Naturally it's the public IP address but you don't know that until you look at the routing table.


----------



## firefly (Nov 14, 2016)

The reason I was trying to create a subinterface is that Linode (VPS provider) only gives out a public and a private IP using a single interface for both. Since Linode now uses KVM, FreeBSD can be installed. Once FreeBSD is installed it only sees a single network interface, which normally would be fine as the public/private IPs can be assigned to the single network interface.

In my case I wanted to install pfSense/OpnSense to work on firewalling (non-prod) and they both need WAN/LAN interfaces to work (parent and subinterface - alias will not work in this case). 

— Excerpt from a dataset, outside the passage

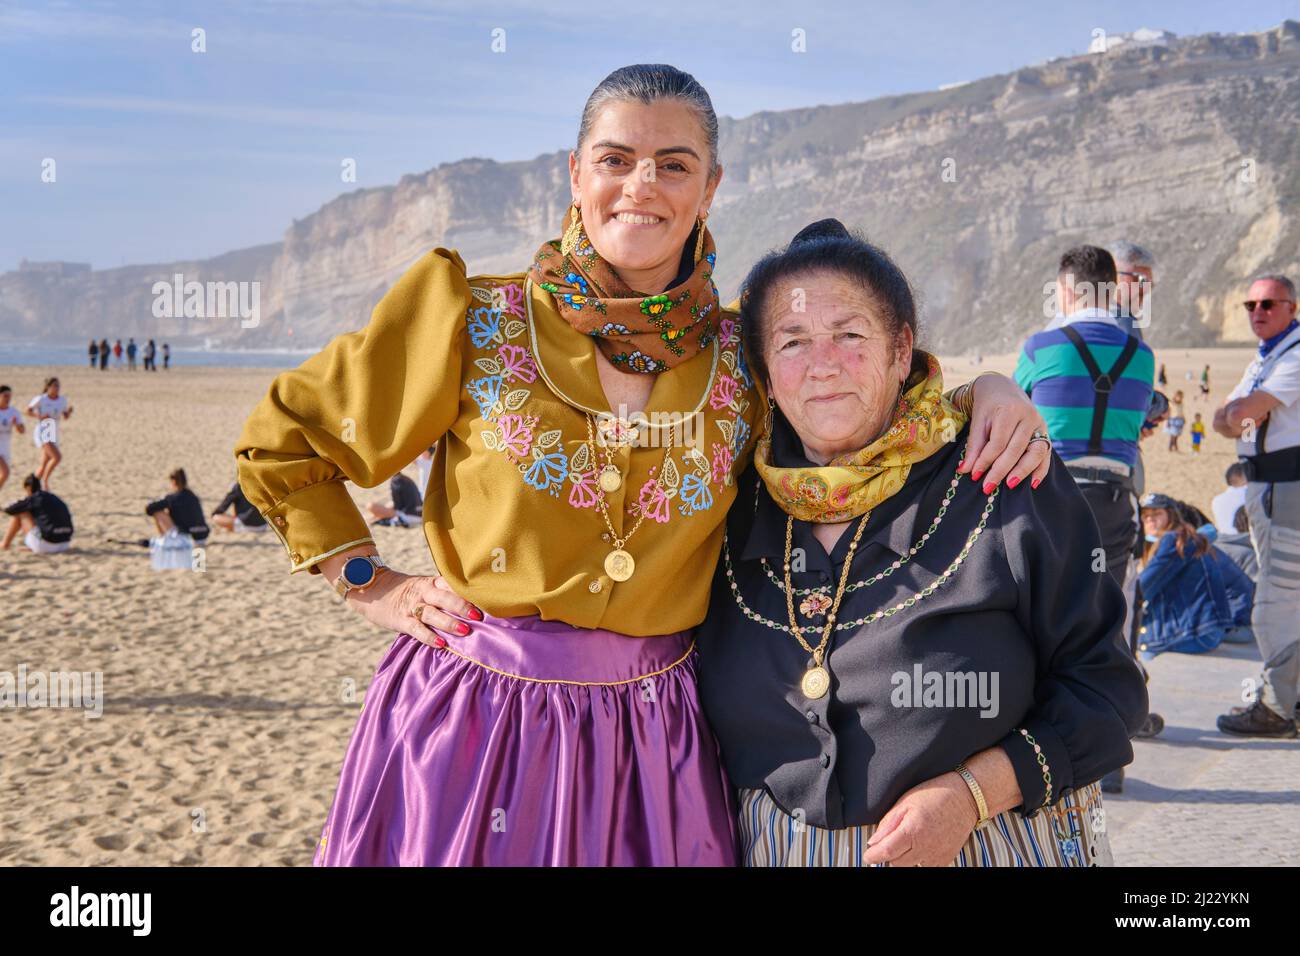 On a celebration day, women from Nazaré dress the traditional outfit. Colourful dresses with seven skirts. Nazaré, Portugal Stock Photo
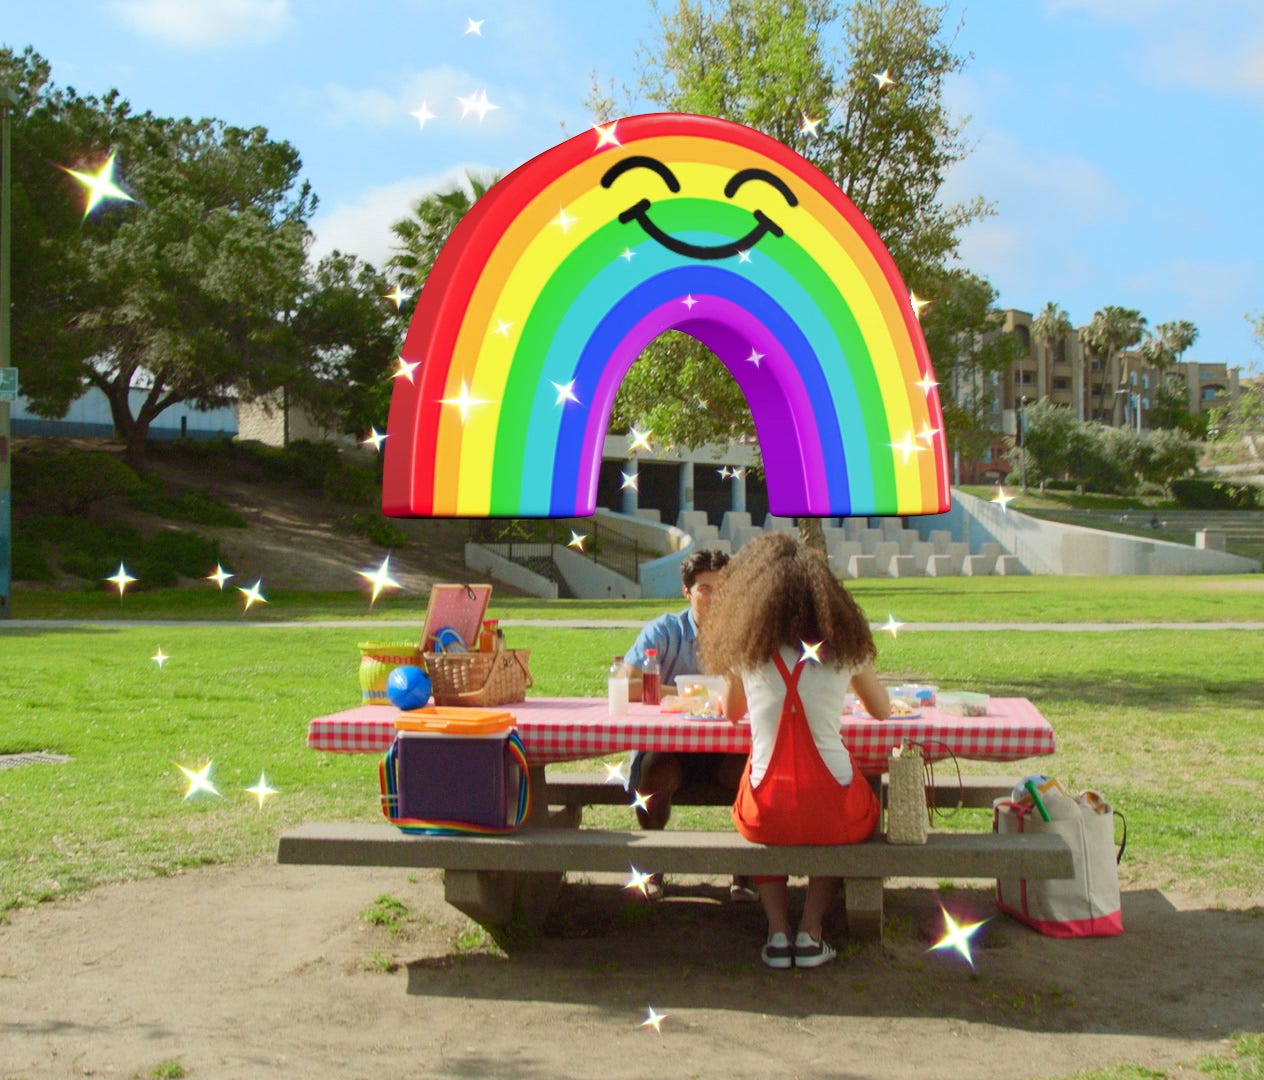 Snapchat's New World Lenses let you add 3D images to your photos.

So my question is there no way to configure a subinterface in FreeBSD?


----------



## kpa (Nov 14, 2016)

One interface firewalling on a single broadcast domain (the logical ethernet segment, physical or virtual) is never going to work as you expect it to work, aliases or subinterfaces or not. You should look into VLANs instead for having separate networks on WAN and LAN side.


----------



## firefly (Nov 14, 2016)

Since I was doing this to simply get the firewall up and running (mostly a playground thing), I was thinking of using it as essentially a firewall on a stick (router on a stick). There should be no issue with this as it is simply for test purposes and a tool to do some FreeBSD learning.

I'm stuck at the following:

- My main interface is vtnet0 (has public IP)

`ifconfig vtnet0.1 create inet 192.168.180.223/17` (works)

Try to ping a device on the same network `ping 192.168.180.1`  (no response)

if I then:

`ifconfig vtnet0.1 destroy`
`ifconfig vtnet0 inet 192.168.180.223/17`
`ping 192.168.180.1` (works)

Why does the `ifconfig vtnet0.1 create inet 192.168.180.223/17` not allow the ICMP to reach the 192.168.180.1?


----------



## phoenix (Nov 14, 2016)

"vtnet0.1" configures the vtnet0 devices as part of a tagged vlan 1.  Meaning, it sends Ethernet frames that include a vlan tag with a value of 1.  If the switch isn't configured to handled tagged vlans, then the Ethernet frames are dropped by the switch.  Meaning, no communication with anything.


----------



## firefly (Nov 15, 2016)

Appreciate all of the responses.

Is there any way to configure an untagged vlan or achieve creating a subinterface with a different IP address using the single network interface exposed by the VPS provider running FreeBSD?


----------



## fbsd1 (Jul 13, 2020)

phoenix said:


> "vtnet0.1" configures the vtnet0 devices as part of a tagged vlan 1.  Meaning, it sends Ethernet frames that include a vlan tag with a value of 1.  If the switch isn't configured to handled tagged vlans, then the Ethernet frames are dropped by the switch.  Meaning, no communication with anything.


What are you implying is the switch? I though the host in this situation is the switch so how can it NOT handle the tagged vlan names? 
The words "vlan" and "subinterfaces " mean the same thing here.  vtam0.1


----------